::: Data shown :::

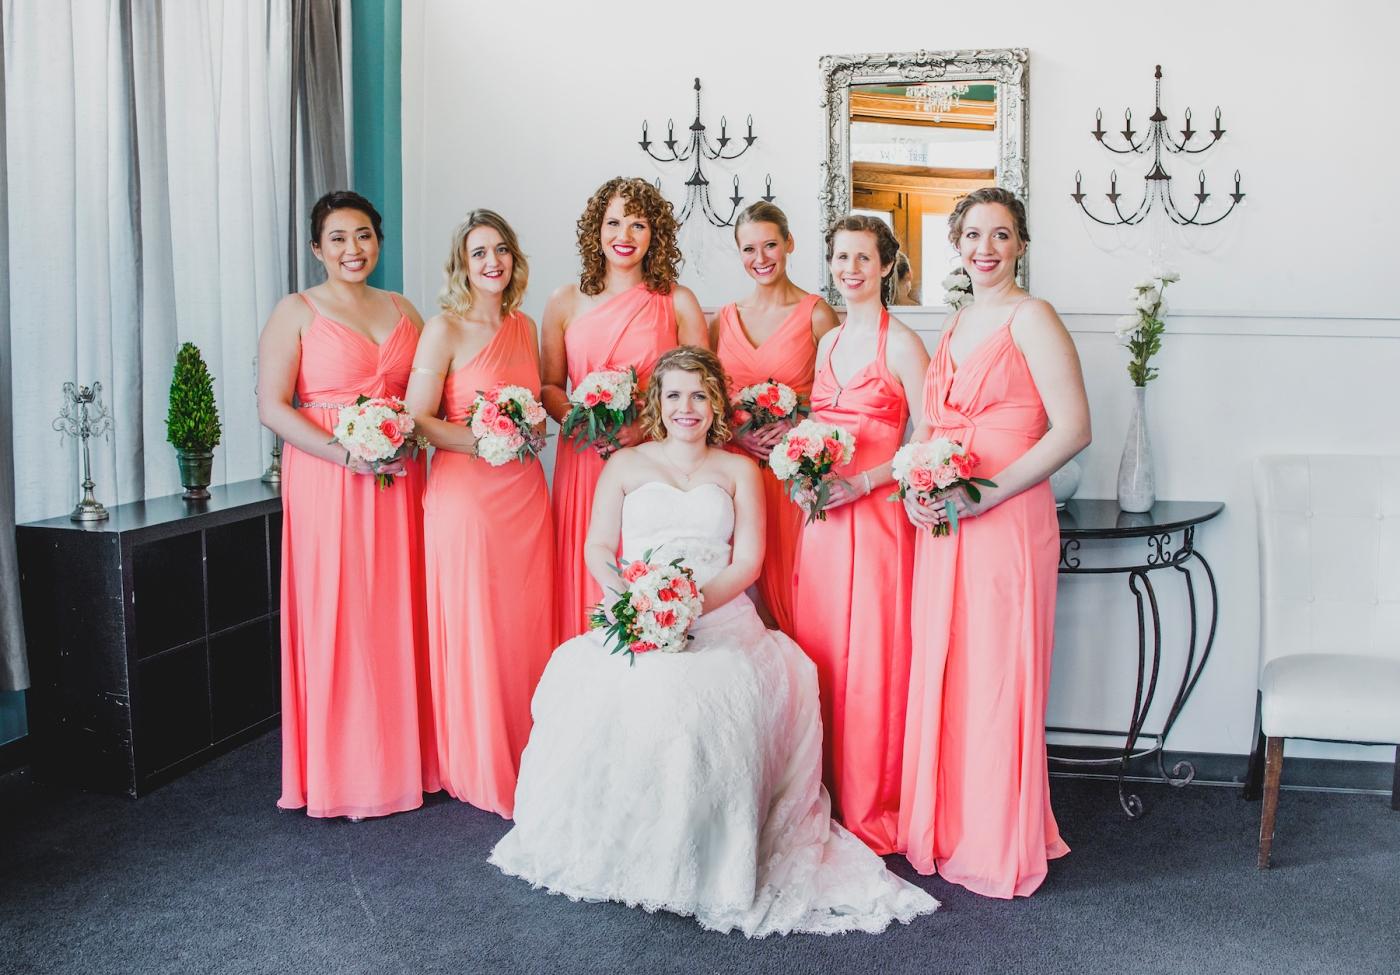 DSC_2434Everett_Wedding_Ballroom_Jane_Speleers_photography_Rachel_and_Edmund_Praying_2017
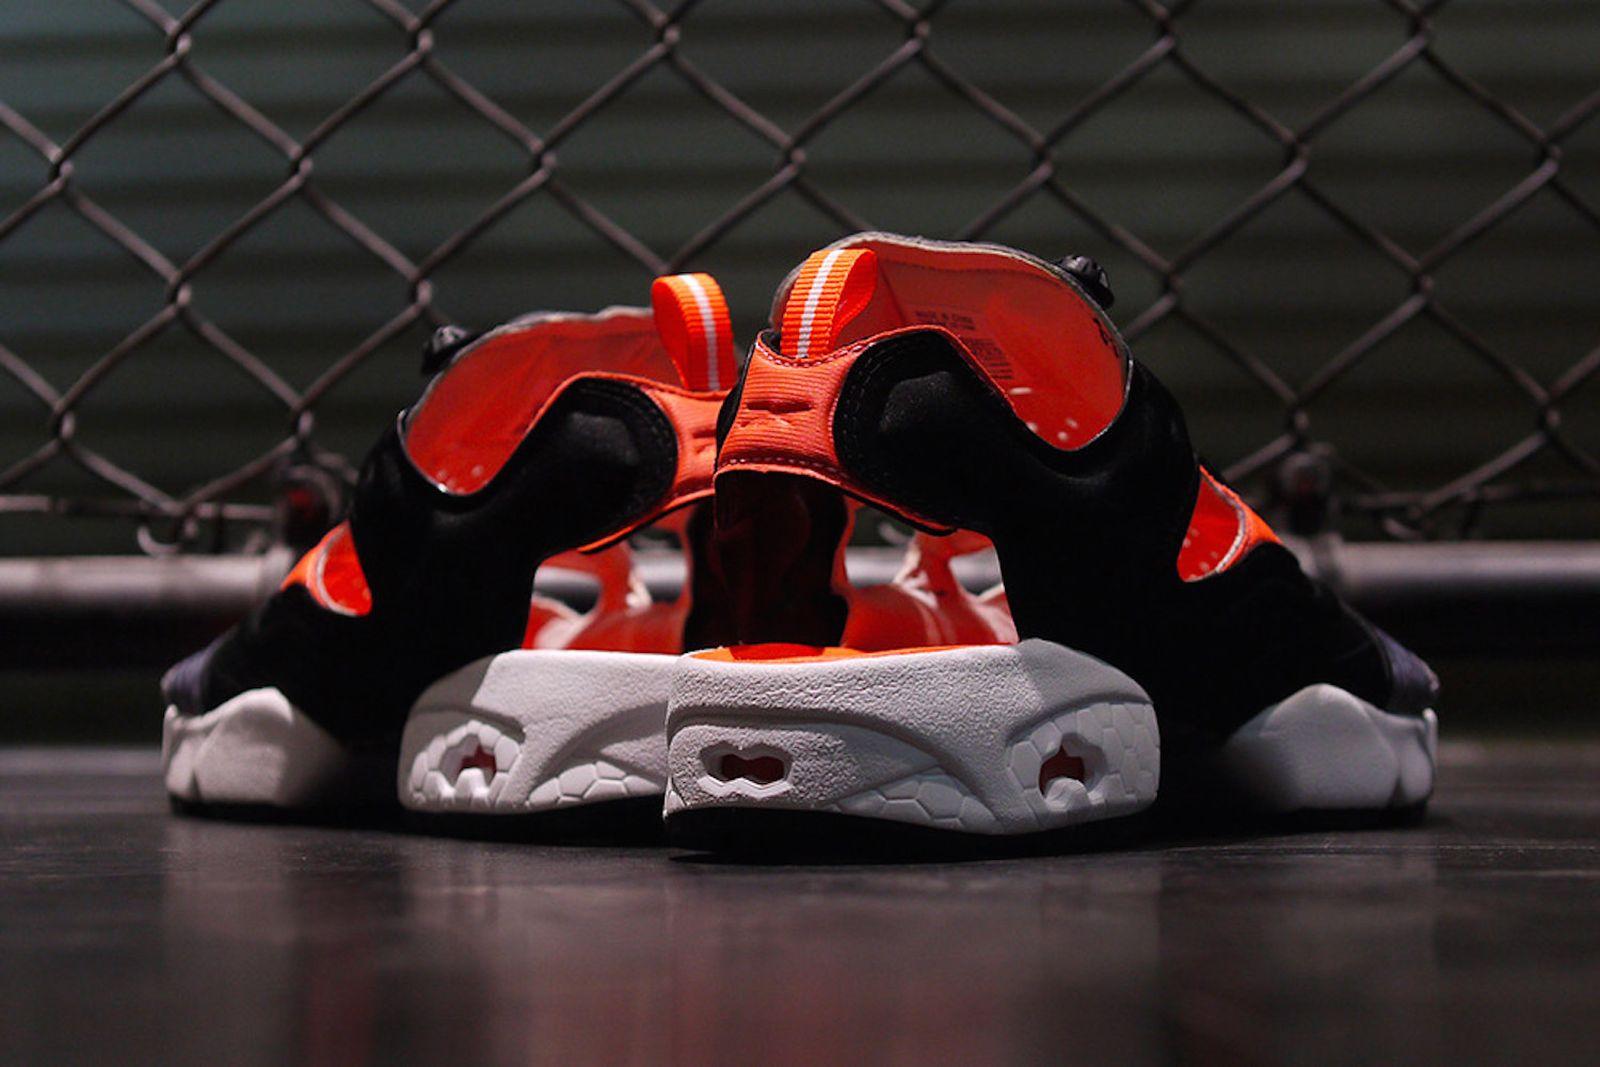 mita sneakers whiz limited reebok instapump fury sandal release date price info
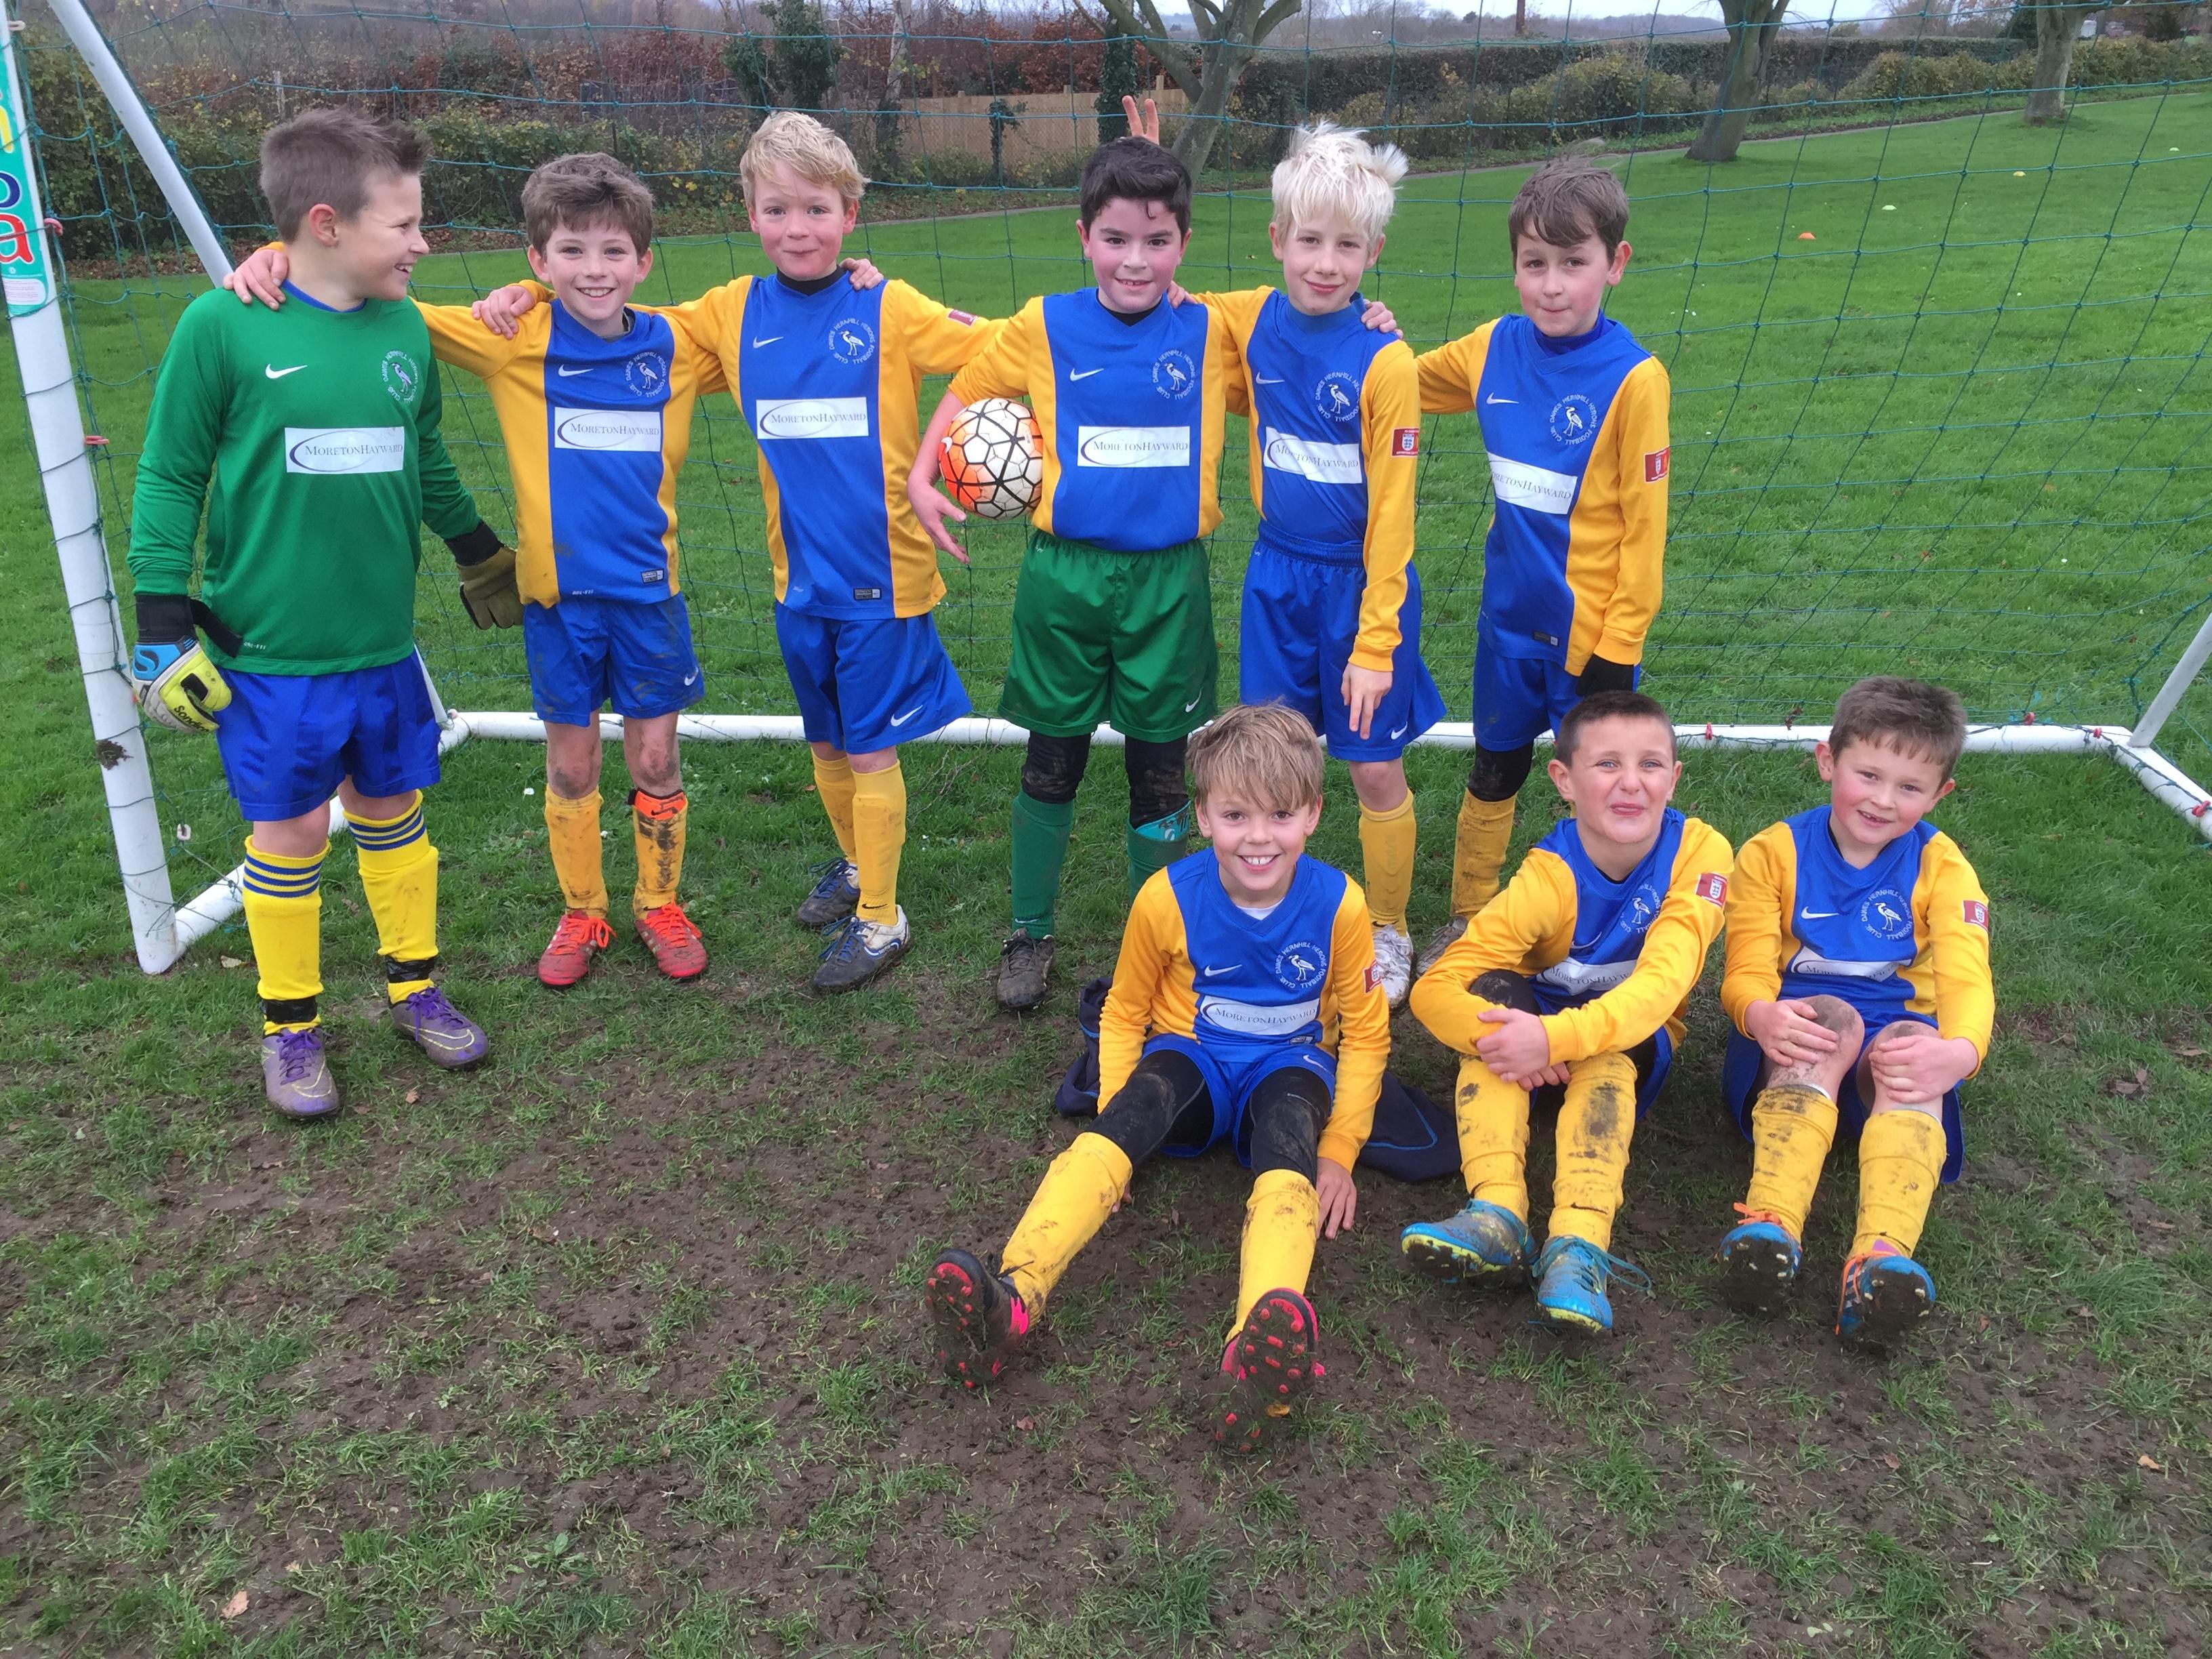 Moreton Hayward proudly sponsor the Dawes Hernhill Herons Junior Football Club

:::

Problem statement: Please output the full listing above exactly, minus any pictures.

Your response:
 DSC_2434Everett_Wedding_Ballroom_Jane_Speleers_photography_Rachel_and_Edmund_Praying_2017
 mita sneakers whiz limited reebok instapump fury sandal release date price info
 Moreton Hayward proudly sponsor the Dawes Hernhill Herons Junior Football Club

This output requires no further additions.